Before I go into the main act, I wanted to give a shout out to openers Chrome Sparks and The M Machine. One of the three percussionists of Chrome Sparks gave a big shout out to Ann Arbor as a Michigan grad and noted how cool it was that he was back in the area again. Additionally, they all wore white turtlenecks and white pants in front of their performance stands, reminiscient of the ways in which Kraftwerk uniformly dressed at their shows when they were performing (and they stil do). However, unlike Kraftwerk, they really got into their playing with head bangs and enthusiasm, a large contrast to Kraftwerk’s deadpan stares. The only reason I know about this group who pioneered electronic dance music in the 1970s is because I am taking a class through the RC on electronic music and they have been an integral part of our study.

The M Machine was fun as well, who performed a DJ set while mixing for a dance vibe. I picked up on the beginnings of a track I had heard at the Dirty Bird BBQ in Detroit during Labor Day weekend that is very deep house sounding, but they mixed it up in their own way by adding more layers and complexity to it. My friend mentioned to me during the show that they likely played it as a homage to Claude VonStroke, the owner of Dirty Bird label, who hails from Detroit.
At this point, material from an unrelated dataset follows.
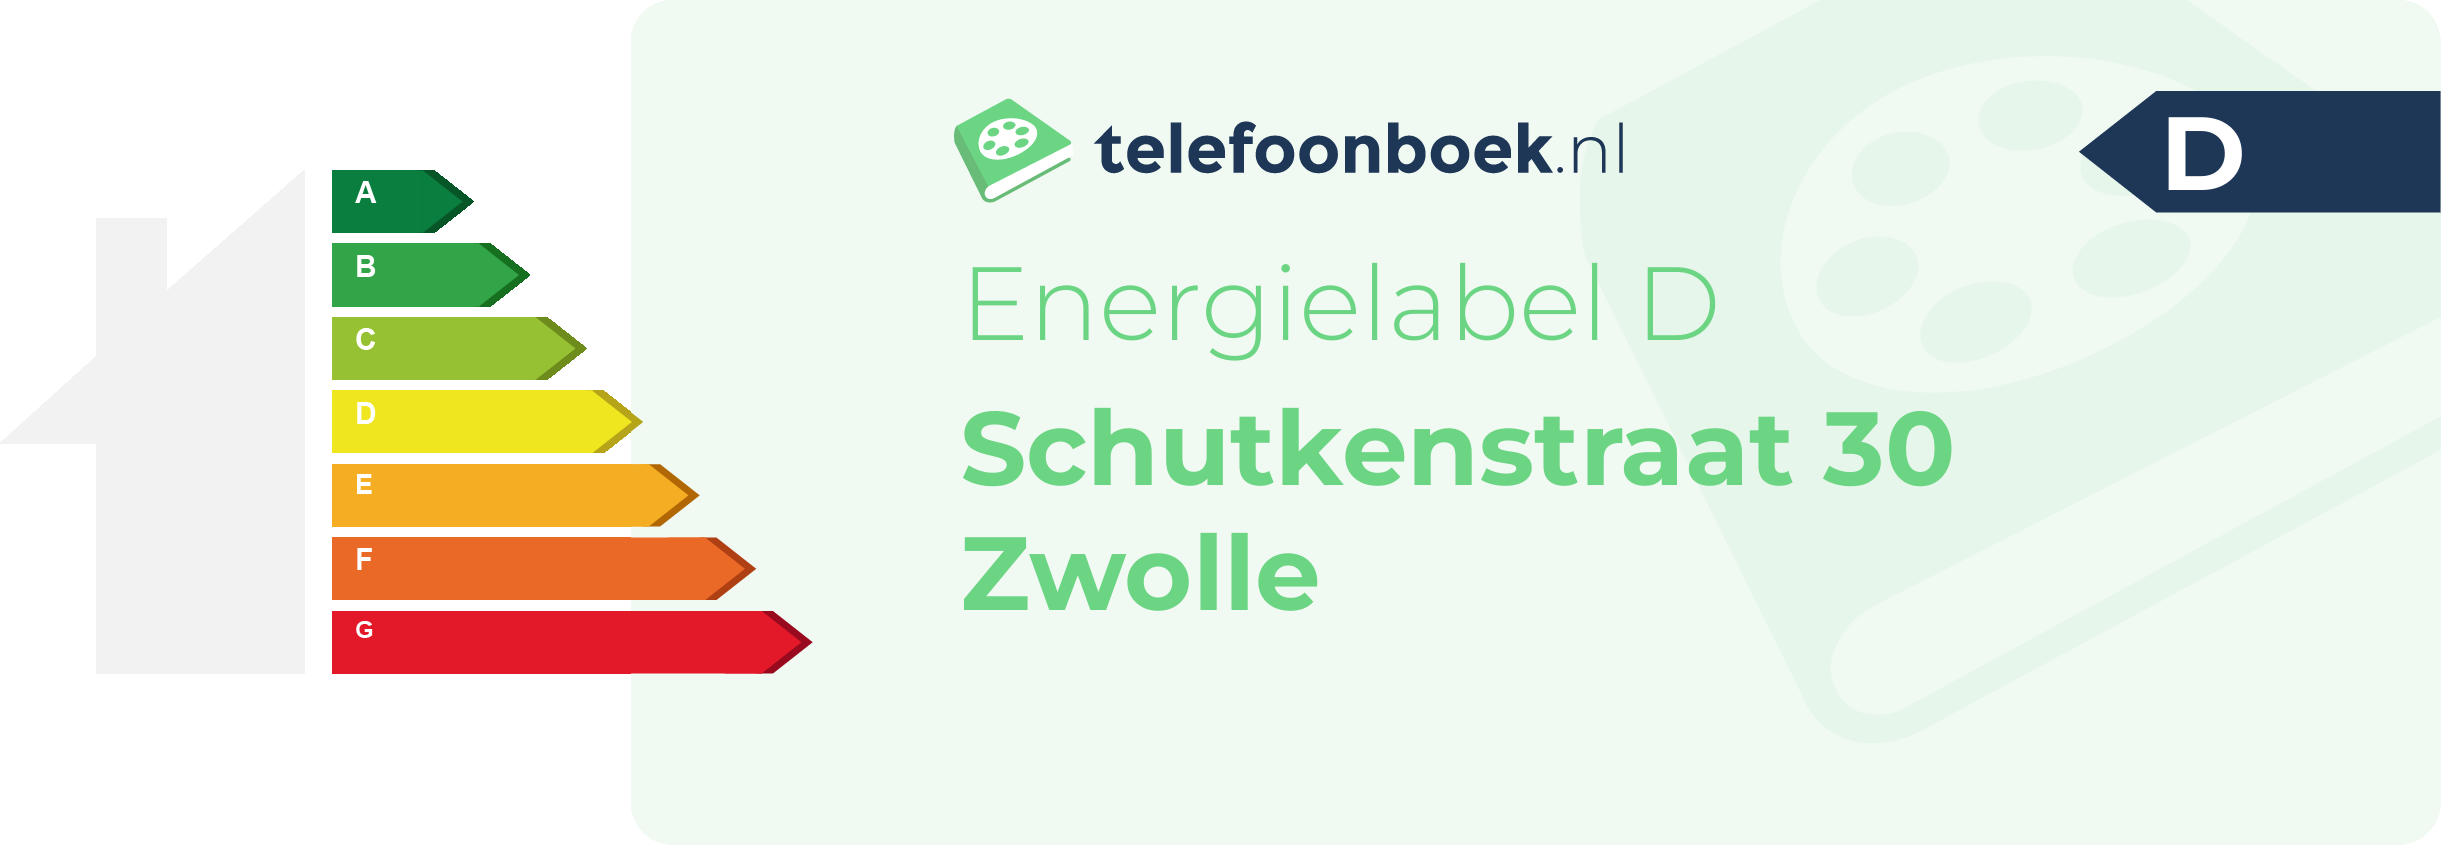 Energielabel Schutkenstraat 30 Zwolle

This class has also managed to help me listen more closely to the music I love, and tonight was full of learning opportunities in listening in to how the music is made. I was able to recognize whenever they would open or close a note, or make a note darker or brighter. The common use of oscillators and synthesizers was ever obvious as well, as we have played around with different devices in class to get a sense of the many ways in which to produce electronic sound.

The music off of their new album Love Death Immortality has a musical theme of triumph and victory, which fits in well with their style overall. I couldn’t help but smile and look over at people all around me having a good time swaying to the music. Their stage, called the Blade, featured kick and snare drums they played live while they triggered songs through their manipulation of MPC instruments. While it was difficult to pick out tracks by name because they rarely use vocals, I felt the concert did an awesome job of showcasing the big tracks from this album as well as sounds from their previous work.

I was really glad to take the time to get out of Ann Arbor for a few hours and listen to some great, entertaining music. Thank you, Glitch Mob, for an amazing time!